The African Development Bank, the European Union (EU) Delegation in Rwanda, Embassy of Japan in Rwanda and Japan International Cooperation Agency (JICA) joined the Government of Rwanda to launch the rehabilitation and widening of the Kagitumba-Kayonza-Rusumo road works in the Eastern province of Rwanda.
The Bank’s US $93.1 million contribution represents 51% of the total cost for the project, which will directly serve 1.1 million and facilitate travel and trade between Rwanda, Uganda and the Eastern African region.
Speaking at launch of the road construction work, Martha Phiri, Country Manager of the African Development Bank in Rwanda, expressed appreciation for the strong partnership that the Bank continues to enjoy with the Government and the people of Rwanda.
She observed that the road project aligns with Rwanda’s ambition to become a regional logistical hub.
“We are very proud to continue partnering with you at this very exciting time, as you embark on the final stretch in your journey of transition from a low-income to a middle-income country in line with your National Strategy for Transformation and Long Term Vision,” she said.
She observed that the project aligns very strongly with three of the Bank’s High 5 priorities, namely Feed Africa, Integrate Africa, and Improve the quality of life for the people of Africa.
The project is a component of a regional operation designed to strengthen transport links, while opening up and consolidating the market. The Rwanda section involves the rehabilitation and widening of the 208-kilometre Kagitumba-Kayonza-Rusumo Road. This will include two cross-border markets at Kagitumba (on the Rwanda/Uganda border) and at Rusumo (on the Rwanda/Tanzania border) and the rehabilitation of 10 milk collection centres and 10 water boreholes among other activities.

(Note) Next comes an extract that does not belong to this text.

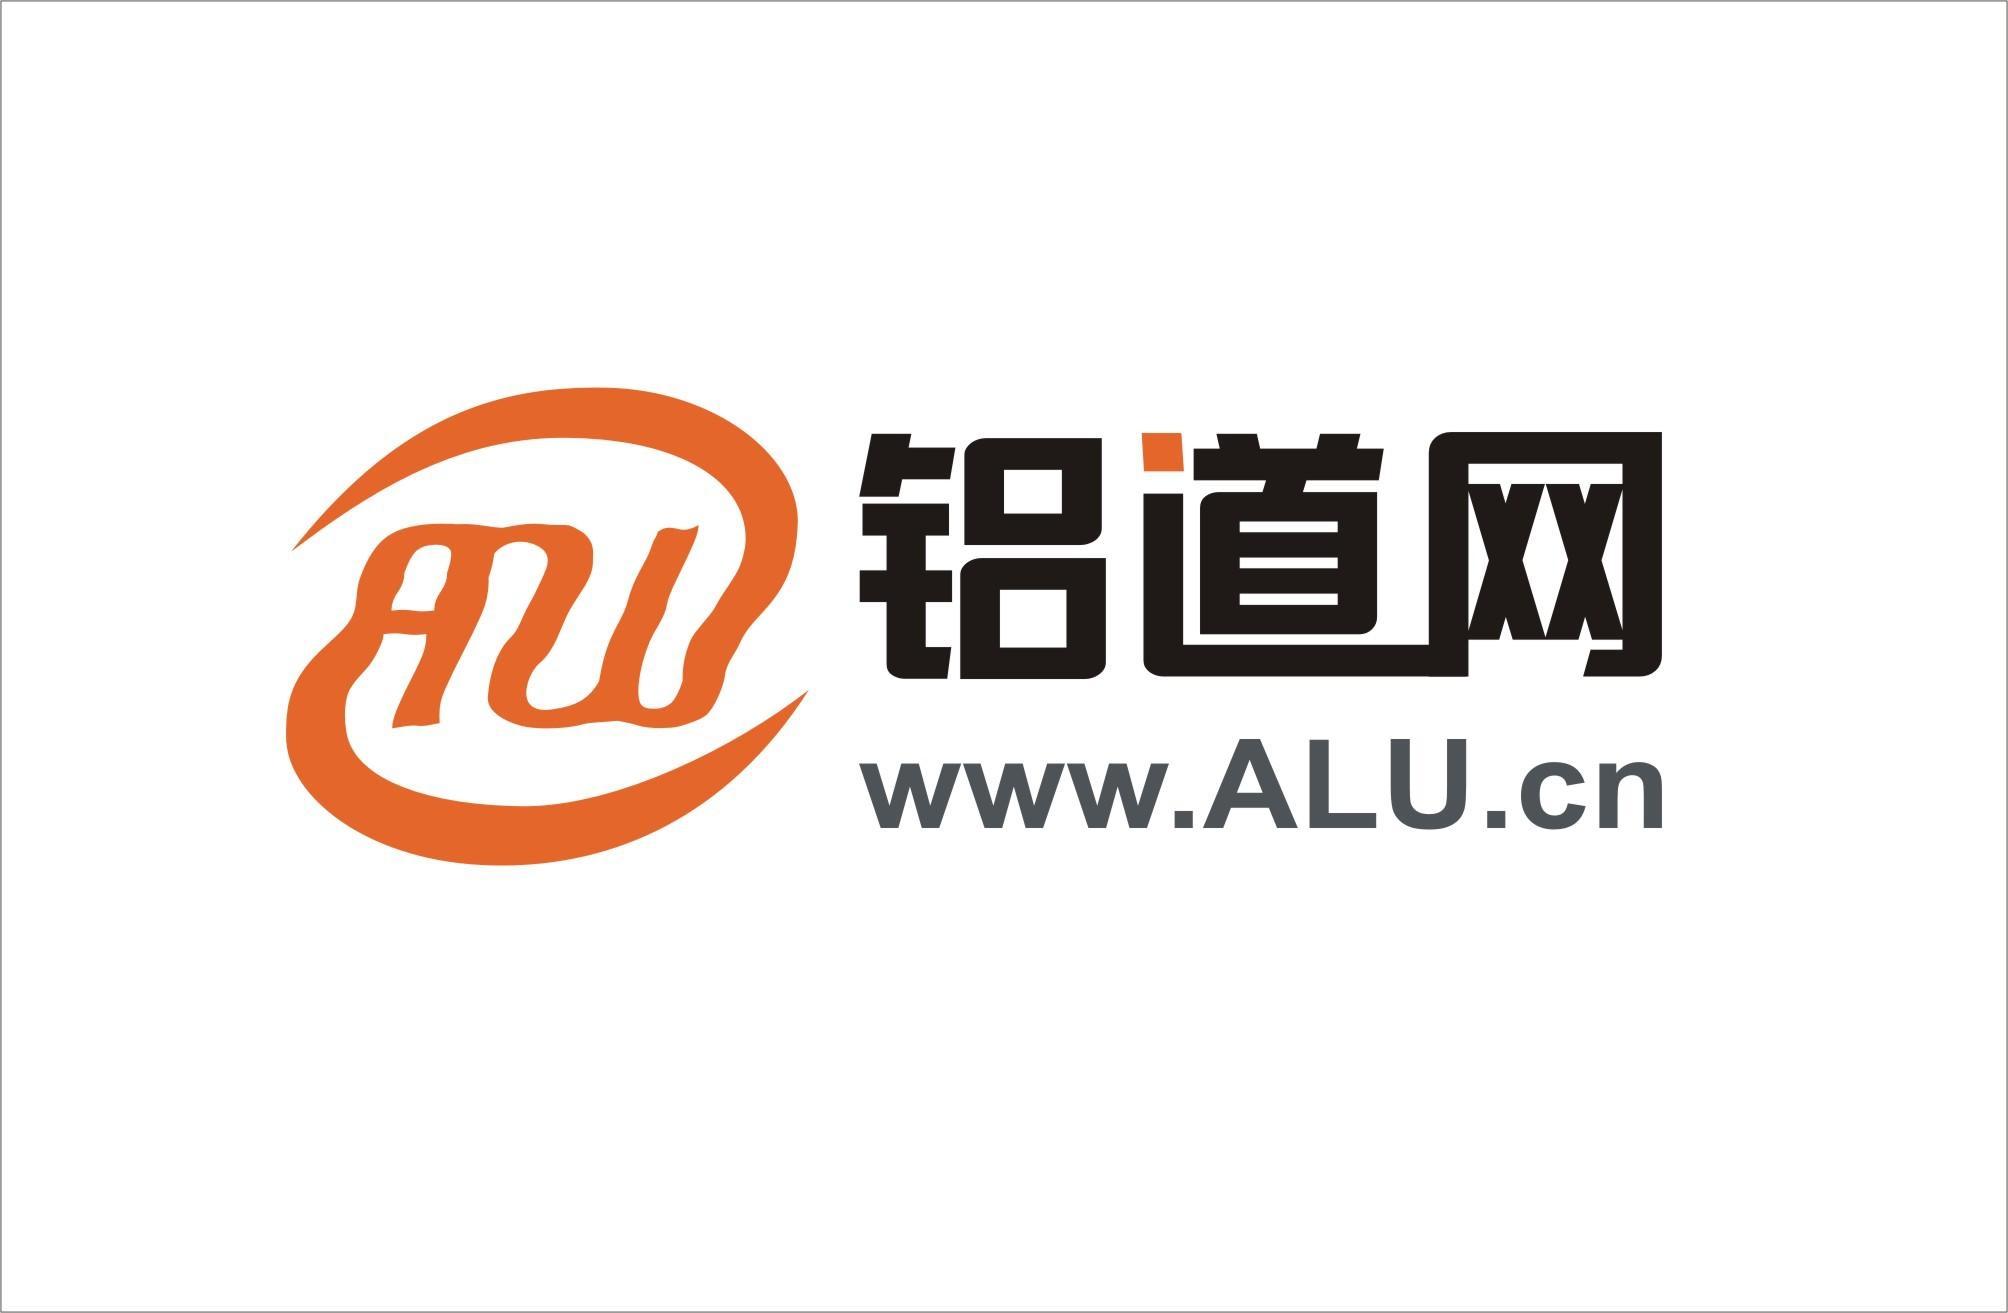 杭州商易网络有限公司

The project will also provide training for 1,600 women, 7 women associations and facilitate the planting of 41,500 trees. In Uganda, it involves the construction of the four-lane 23.7-km Busega-Mpigi express highway. The total cost of the multinational project is US $376.5 million, out of which US $183.39 million is for the Rwanda component.
Resources were also mobilized from the Japanese Government through JICA, the EU through the EU Infrastructure Trust Fund, and the Government of Rwanda.
Rwandan Minister of Infrastructure James Musoni thanked the partners led by African Development Bank for the financial support to the project, stressing that the collaboration was evidence of the fruitful collaboration with the Bank and other partners.
The project will ease access to markets, reduce the cost of doing business and increase the value of agricultural produce, create jobs for the local people and therefore increase household income, the Minister said.
The Bank’s ongoing portfolio in Rwanda stands at an estimated US $892 million targeting transport, energy and water infrastructure and support to skills and private-sector development.